Let op: de website is verhuisd naar fritsvanderwaa.nl

de Volkskrant van 14-10-2003, Pagina 10, Kunst, Recensie

Pianiste Pires haalt intimiteit grote zaal in

Bach, Kurtág en Brahms, door Till Fellner. 11 oktober, Concertgebouw, Amsterdam.
Schubert, Bach en Chopin, door Maria João Pires en Jian Wang. 12 oktober, Concertgebouw, Amsterdam. Radio 4: 27/10, 13.30 uur.

Maria João Pires, die zondagavond de serie Meesterpianisten opende, heeft zo haar eigen opvattingen over de manier waarop ze zich als musicus wil presenteren.

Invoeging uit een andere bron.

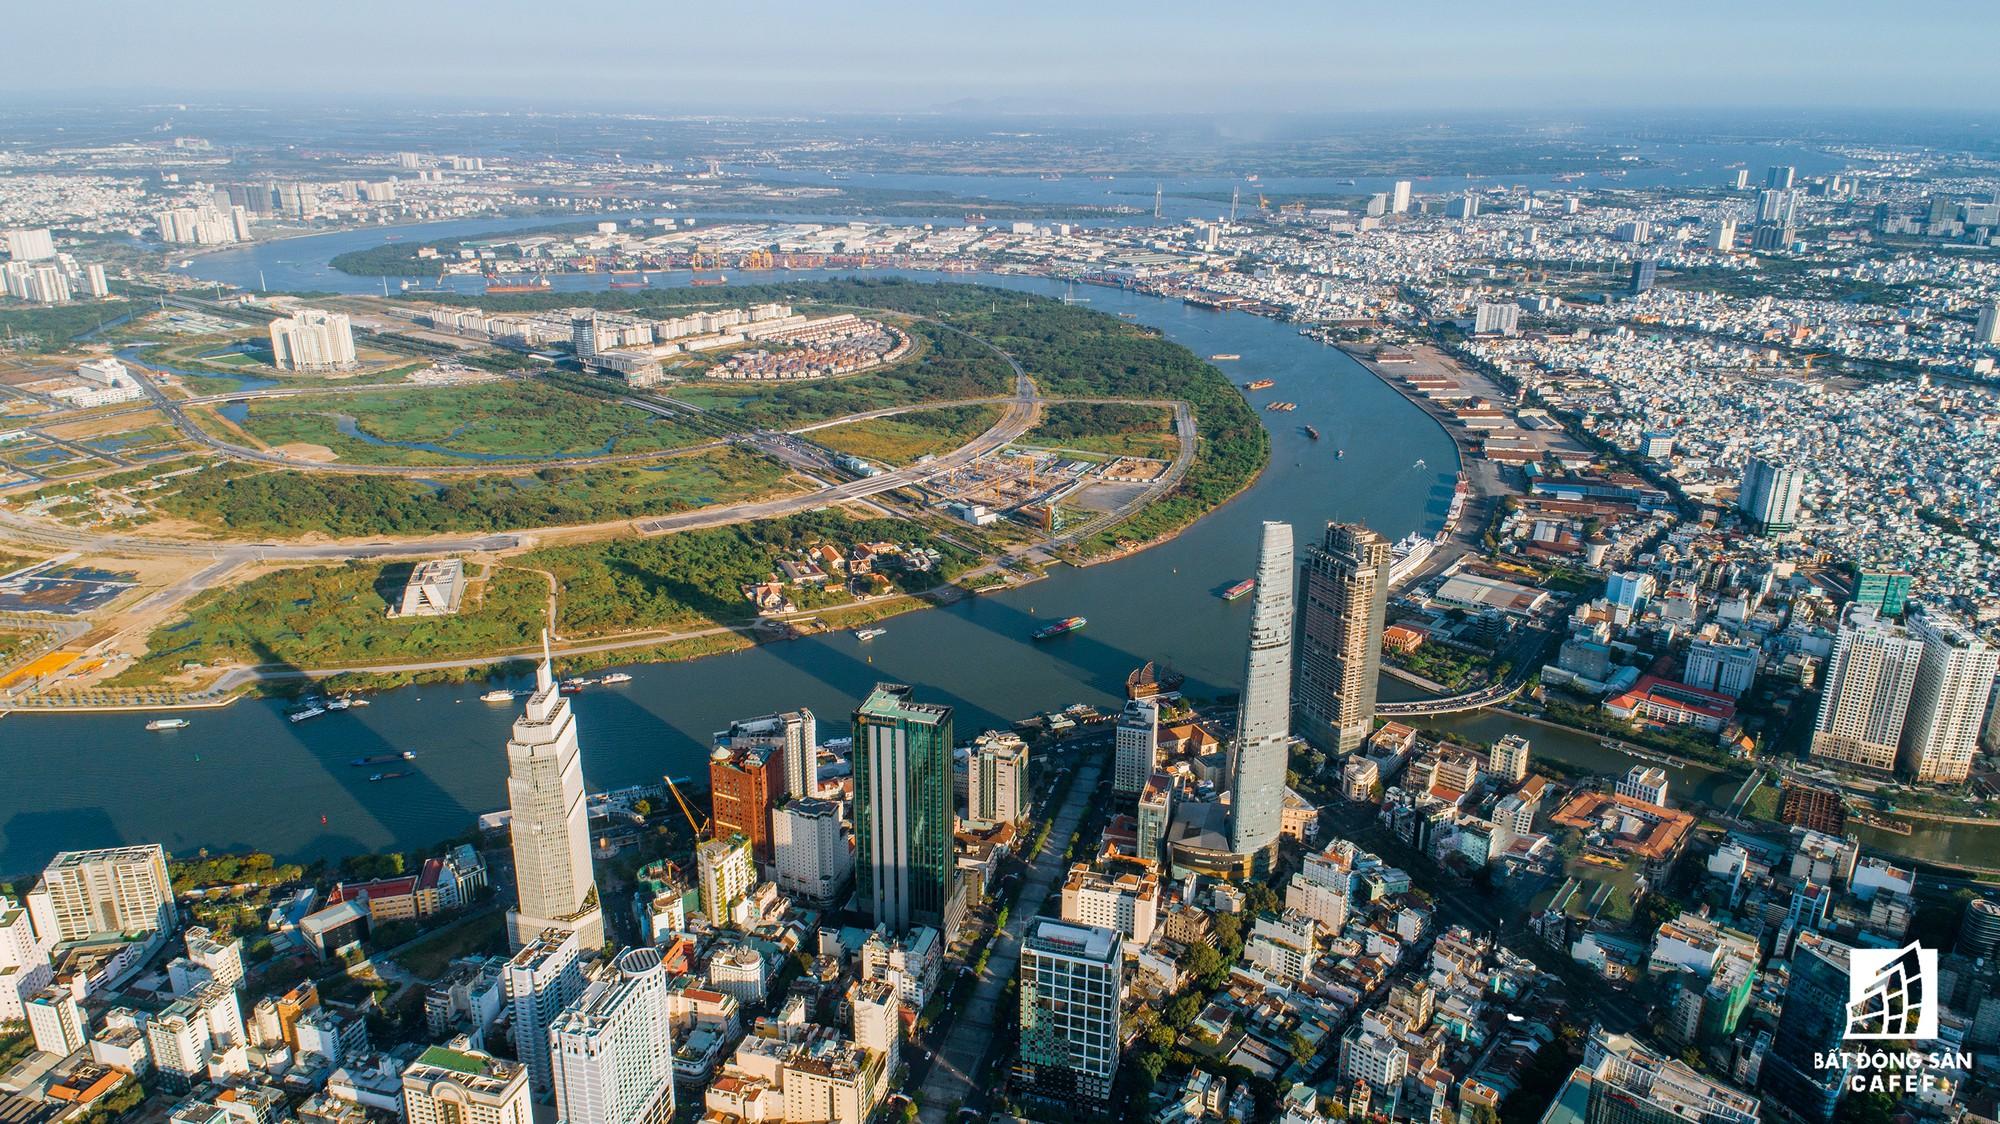 Diện mạo hai bờ sông Sài Gòn tương lai nhìn từ loạt siêu dự án tỷ đô, khu vực trung tâm giá nhà lên hơn 1 tỷ đồng/m2 - Ảnh 3.

Daarom kreeg het publiek bij entree een brief uitgereikt waarin ze haar overtuiging nader toelichtte.

'Het woord solist heeft een eigen betekenis die ik onaangenaam vind, en daarom heeft het pianorecital een effect dat onnatuurlijk, onevenwichtig en soms zelfs pijnlijk aandoet.' Musiceren is volgens Pires iets dat je samen doet. Vandaar dat ze voor haar ' recital' ook de Chinese cellist Jian Wang had uitgenodigd, met wie ze al dikwijls heeft samengewerkt.

Omdat de Portugese meesterpianiste het verder al even onnatuurlijk vindt om van te voren vast te leggen wat ze gaat spelen, was de aangekondigde cellosonate van Beethoven vervangen door Schuberts Arpeggione-sonate en een Pastorale van Bach. En ten slotte werd voorafgaand aan het optreden aangekondigd dat Pires en Wang, teneinde de 'intieme en informele sfeer' van het concert te verhogen, tijdens de pauze op het podium zouden blijven. Naast de vleugel was een zitje ingericht met twee fauteuiltjes en een schemerlamp. Daar ontstond in de pauze inderdaad een gezellige drom van om handtekeningen vragende toehoorders.

Toch kwam de beoogde intimiteit het best tot zijn recht tijdens het musiceren zelf, en dan speciaal in de solowerken die Pires ten gehore bracht, twee Klavierstücke van Schubert en de derde Sonate van Chopin. Vooral in de luwtes bereikte ze met haar ongeëvenaarde toucher een innige, ongekunstelde lyriek, waardoor het oor van de luisteraar als het ware in de vleugel getrokken werd. Maar het elan waarmee ze de stormachtiger passages en de notenguirlandes te lijf ging was al even hartveroverend. Uit haar samenspel met Wang, die zijn cello kan laten zingen als geen ander, spreekt een geestverwantschap van een volkomenheid die je zelden aantreft tussen twee musici. De muziek wordt onder hun handen pure klankpoëzie.

Pires heeft natuurlijk gelijk dat het optreden in een grote zaal iets tegennatuurlijks heeft – al zit er weinig anders op met een gehoor van tweeduizend mensen. In dat licht is het goed dat het Concertgebouw met ingang van dit seizoen ook een pianoserie in de Kleine Zaal brengt, waarin vooral plaats is voor jong en minder bekend klaviertalent.

Die serie opende zaterdag met een optreden van de 31-jarige Oostenrijker Till Fellner, wiens vuurkracht soms iets te hevig was voor de bescheiden ruimte. Zijn spel is sec, technisch puntgaaf en getuigt van een scherp analytisch oor. De manier waarop hij de opeenstapelingen van thema's in de fuga's uit Bachs Wohltemperirte Clavier transparant weet te houden is briljant, en ook in de Händel-variaties van Brahms legt hij vooral de gelaagde structuur bloot. Coloriet is daarbij voor hem eerder middel dan doel. De expressionistische klanken van Kurtágs Játékok ontbeerden dan ook overtuigingskracht – al had dat ook te maken met het al te aforistische gehalte van deze muziek.